Obviously, it would make sense to hand dx and dy to a hexGrob -- not having the width and height of a hexagon is like specifying a circle by center without giving the radius.

Workaround:

workaround

The resolution strategy works, if the facet contains two adjacent haxagons that differ in both x and y. So, as a workaround, I'll construct manually a data.frame containing the x and y center coordinates of the cells, and the factor for facetting and the counts:

In addition to the libraries specified in the question, I'll need

library (reshape2)

and also bindata$factor actually needs to be a factor:

bindata$factor <- as.factor (bindata$factor)

Now, calculate the basic hexagon grid

h <- hexbin (bindata, xbins = 5, IDs = TRUE, 
             xbnds = range (bindata$x), 
             ybnds = range (bindata$y))

Next, we need to calculate the counts depending on bindata$factor

counts <- hexTapply (h, bindata$factor, table)
counts <- t (simplify2array (counts))
counts <- melt (counts)
colnames (counts)  <- c ("ID", "factor", "counts")

As we have the cell IDs, we can merge this data.frame with the proper coordinates:

hexdf <- data.frame (hcell2xy (h),  ID = h@cell)
hexdf <- merge (counts, hexdf)

Here's what the data.frame looks like:

> head (hexdf)
  ID factor counts          x         y
1  3      e      0 -0.3681728 -1.914359
2  3      s      0 -0.3681728 -1.914359
3  3      y      0 -0.3681728 -1.914359
4  3      r      0 -0.3681728 -1.914359
5  3      p      0 -0.3681728 -1.914359
6  3      o      0 -0.3681728 -1.914359

ggplotting (use the command below) this yields the correct bin sizes, but the figure has a bit weird appearance: 0 count hexagons are drawn, but only where some other facet has this bin populated.

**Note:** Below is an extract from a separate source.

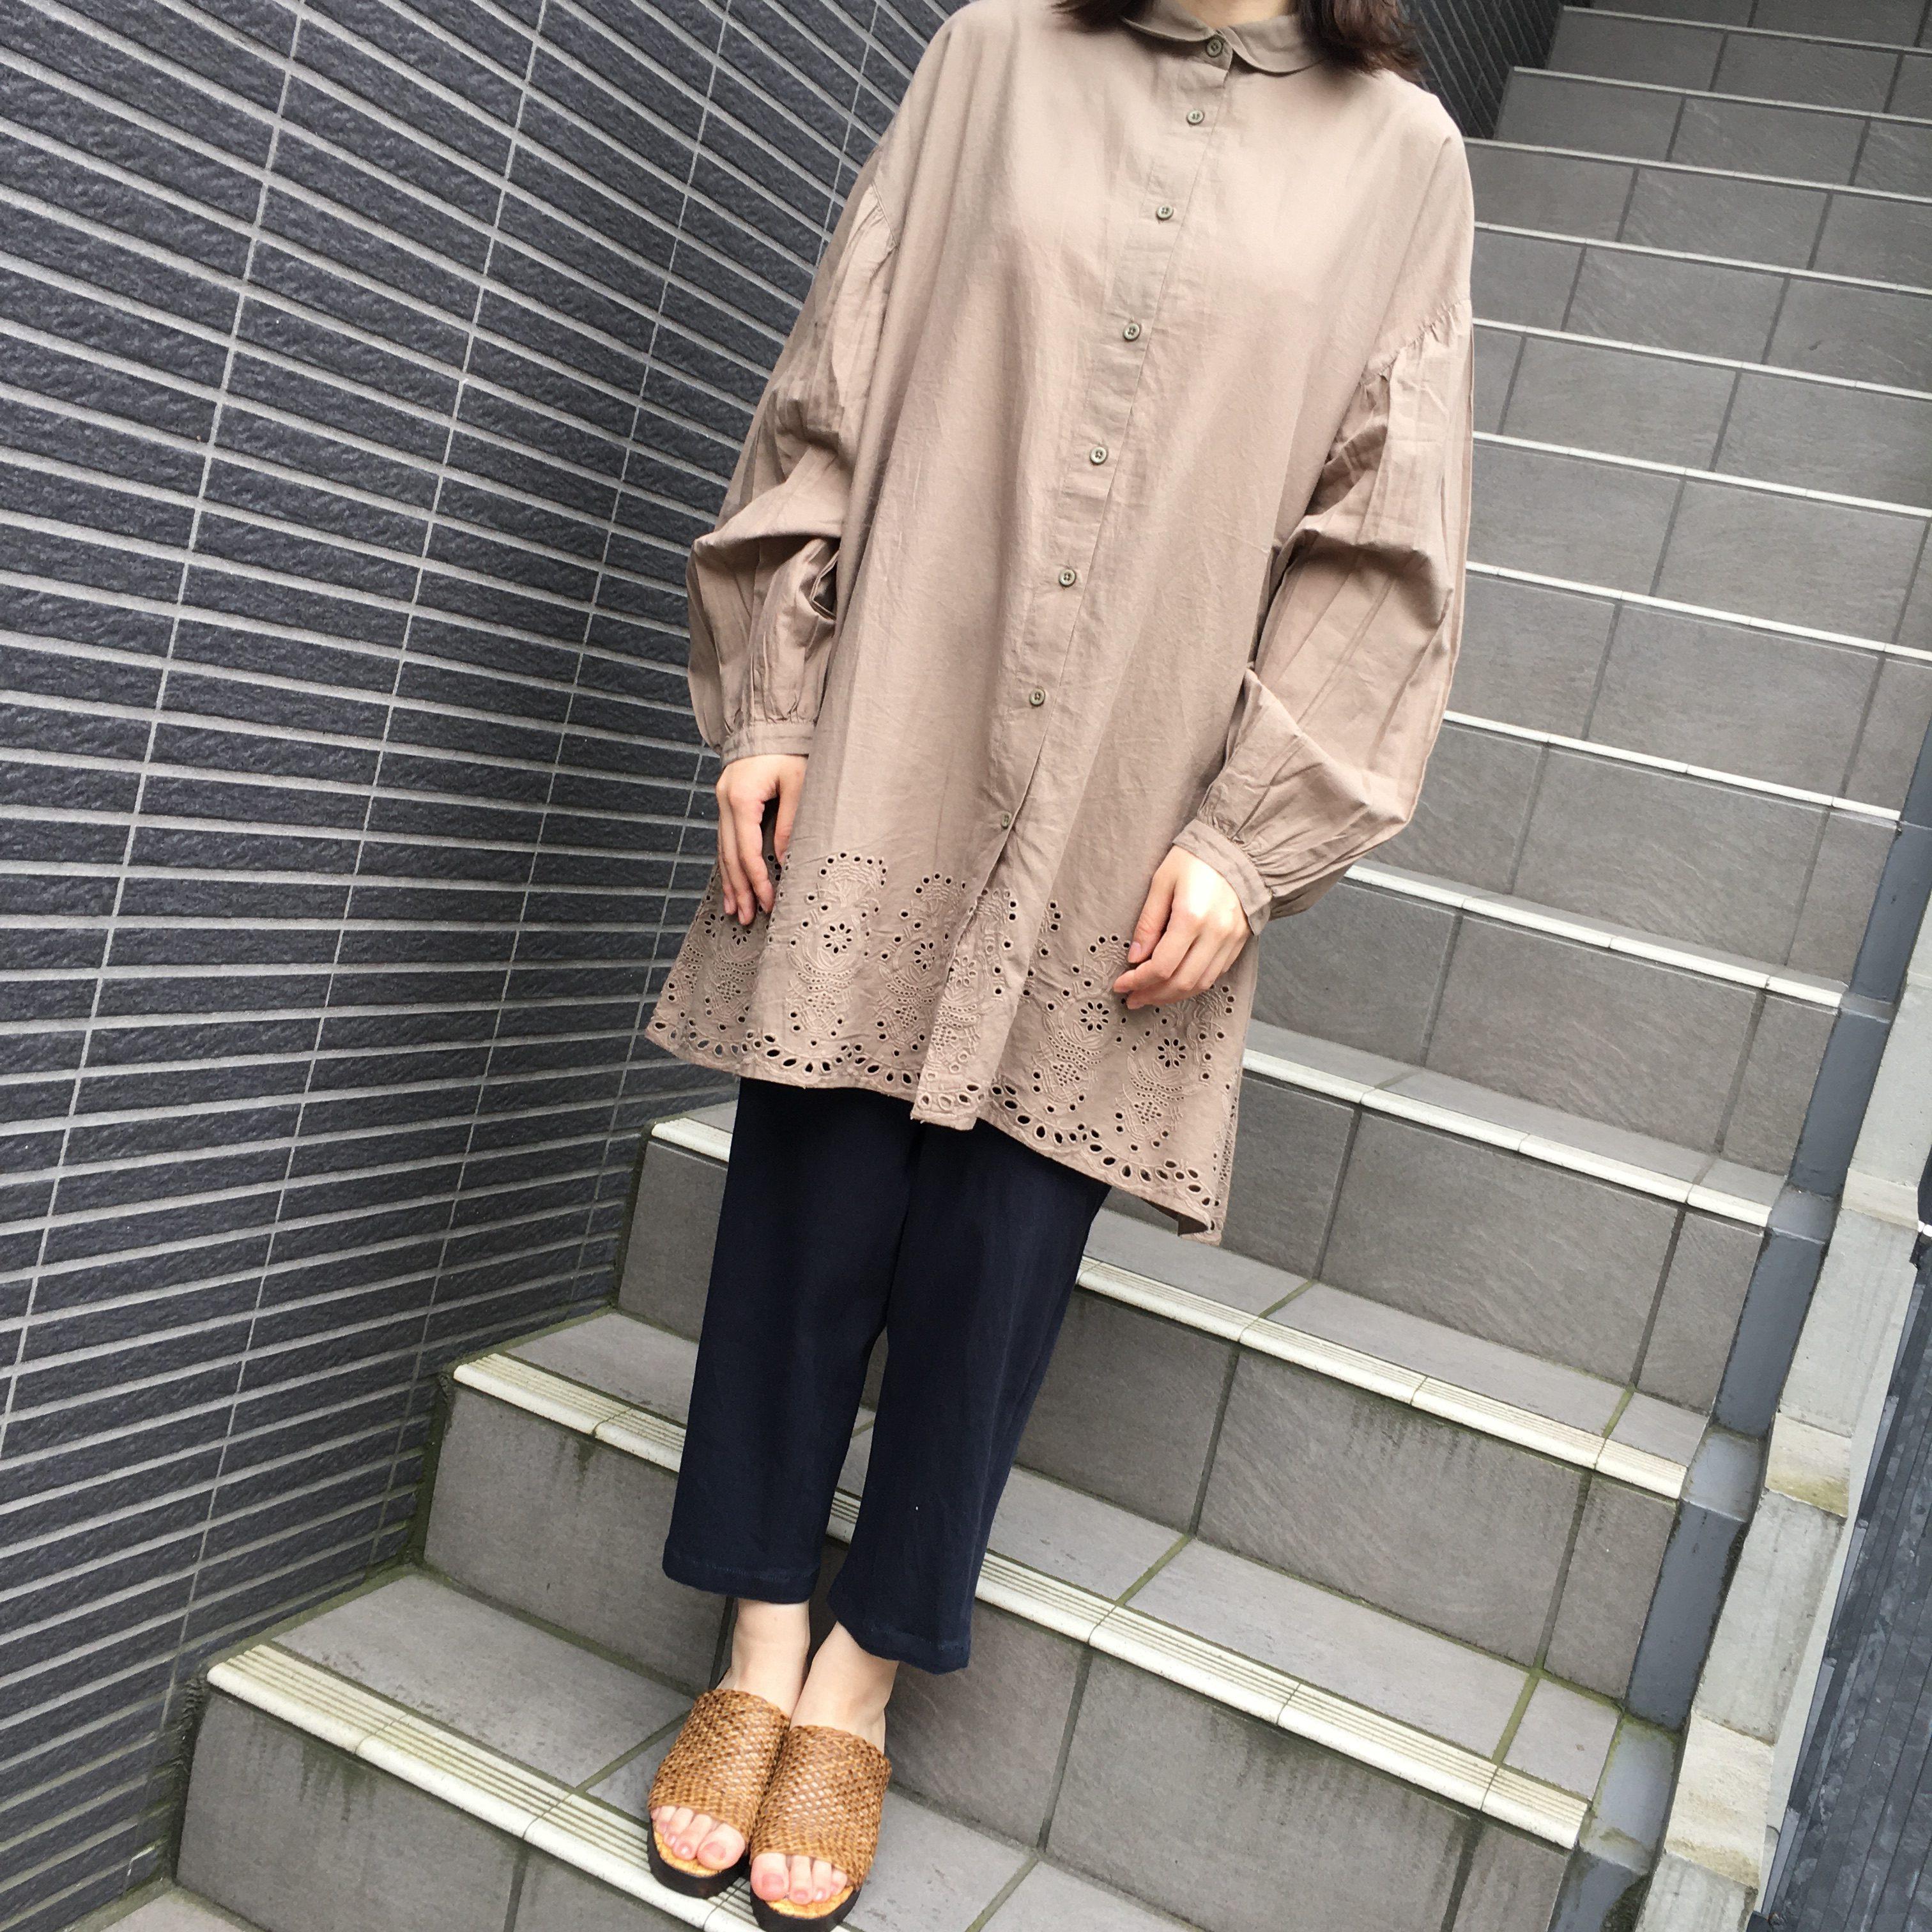 裾刺繍入り前開きチュニック<br /> ¥2900+税

To suppres the drawing, we can set the counts there to NA and make the na.value completely transparent (it defaults to grey50):

hexdf$counts [hexdf$counts == 0] <- NA

ggplot(hexdf, aes(x=x, y=y, fill = counts)) +
  geom_hex(stat="identity") +
  facet_wrap(~factor) +
  coord_equal () +
  scale_fill_continuous (low = "grey80", high = "#000040", na.value = "#00000000")

yields the figure at the top of the post.

This strategy works as long as the binwidths are correct without facetting. If the binwidths are set very small, the resolution may still yield too large dx and dy. In that case, we can supply hexGrob with two adjacent bins (but differing in both x and y) with NA counts for each facet.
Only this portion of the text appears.